If it's long, then the second and third bytes are an additional list of
bits to declare which children use offset compression.
* The third bit picks between stack compression and backref compression.
In stack compression, the pointers are implicit, while backref uses
one byte to look back to previous nodes in the same file.
* The least significant bit picks between pure-suffix-only and may-have-prefix
nodes: this is the only bit that is used in the canonical form shown above.
More information on this above, under the "Pure suffix representation" head.
* If the "long" bit is set, two more bytes are dropped in with child compression
flags, just like the most significant nibble of the first byte.
The remaining bytes look like this:
* Data length, as one byte, or a data offset, also one byte,
depending on whether dictionary compression is used for the data.
* Data. The initial character, which our parent node has a copy of,
is not stored here and is not considered part of the length. Absent
if dictionary compression is used, or if length is zero.
* Child length counts. The same format as canonical.

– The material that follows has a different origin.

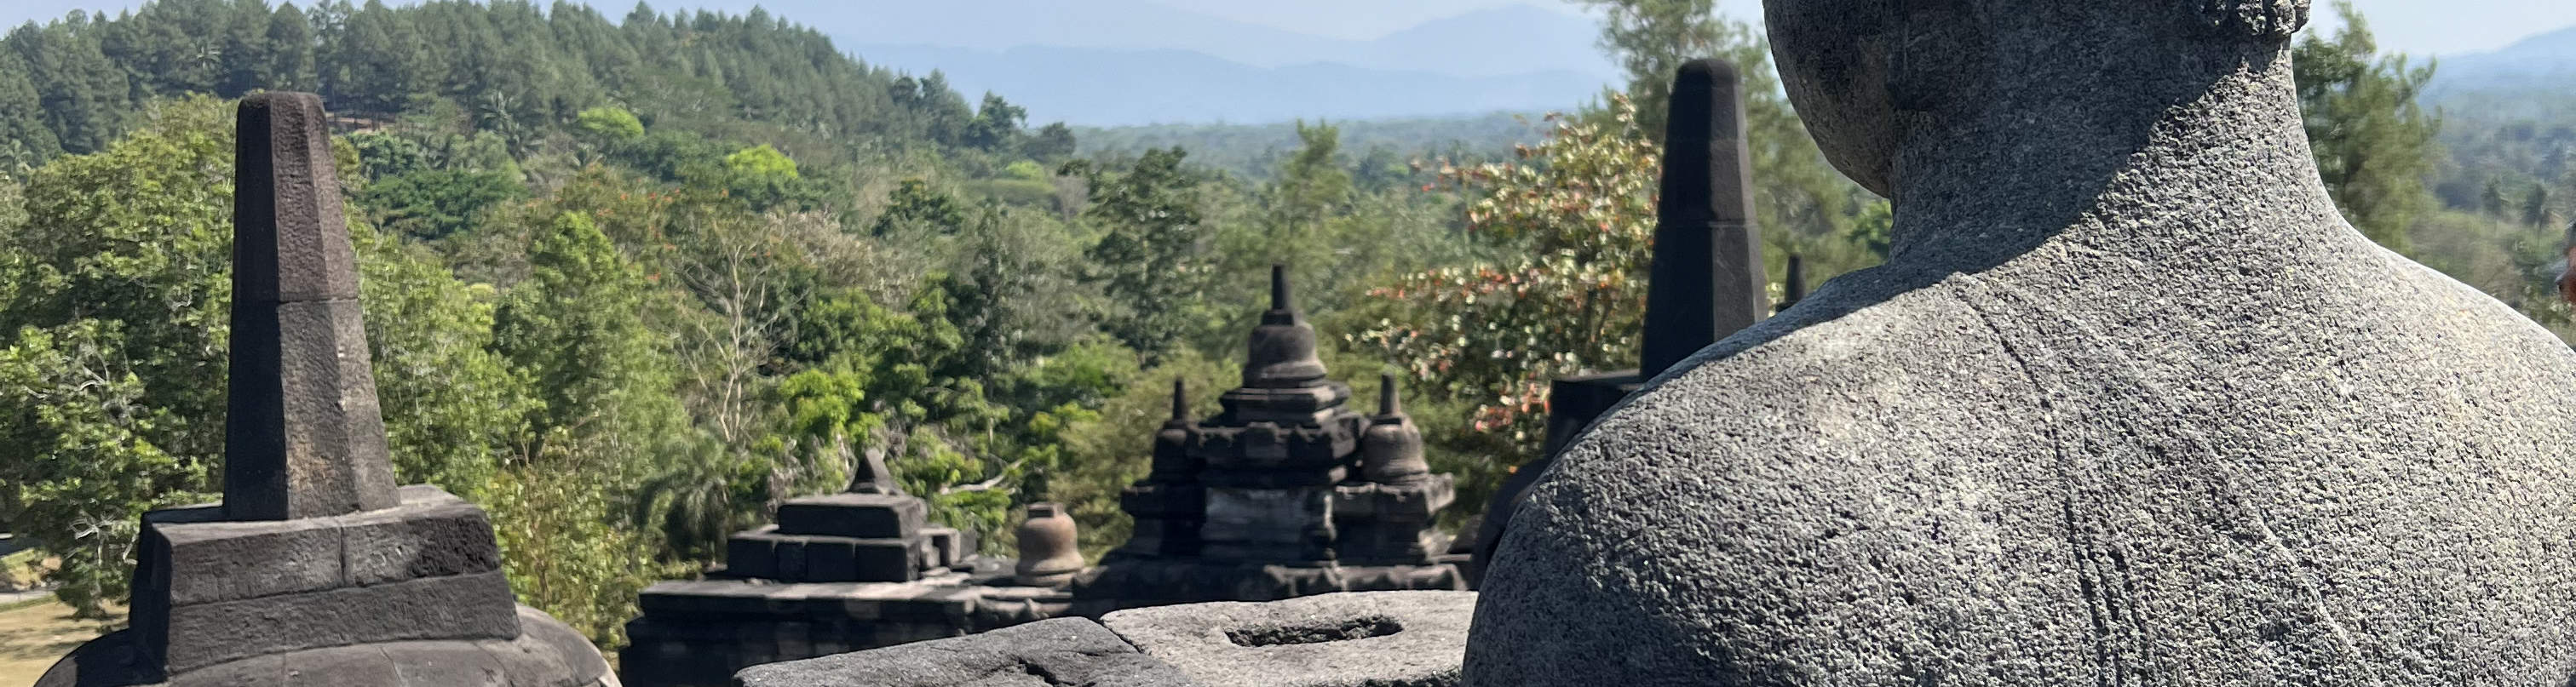 Klook Trip Borobudur United - Sunrise Temple Kingdom Prambanan and

* The pointers, encoded as either offset or six byte ID, depending on if
the corresponding flag in the first byte is set. For example, if the
compression byte is 0x10, then the first child is an offset.
If stack compression is used, then the decoder will pick the previous
children in reverse order, skiping any children that have already been
referred to by another node.
If backref compression is used, then the nodes are picked by their
previous position, starting at 0.
* Child branches, in the same form used by canonical.
* Roaring bitmaps for whole strings and suffixes, with special representation
for very short lists. The format is the same as the canonical format.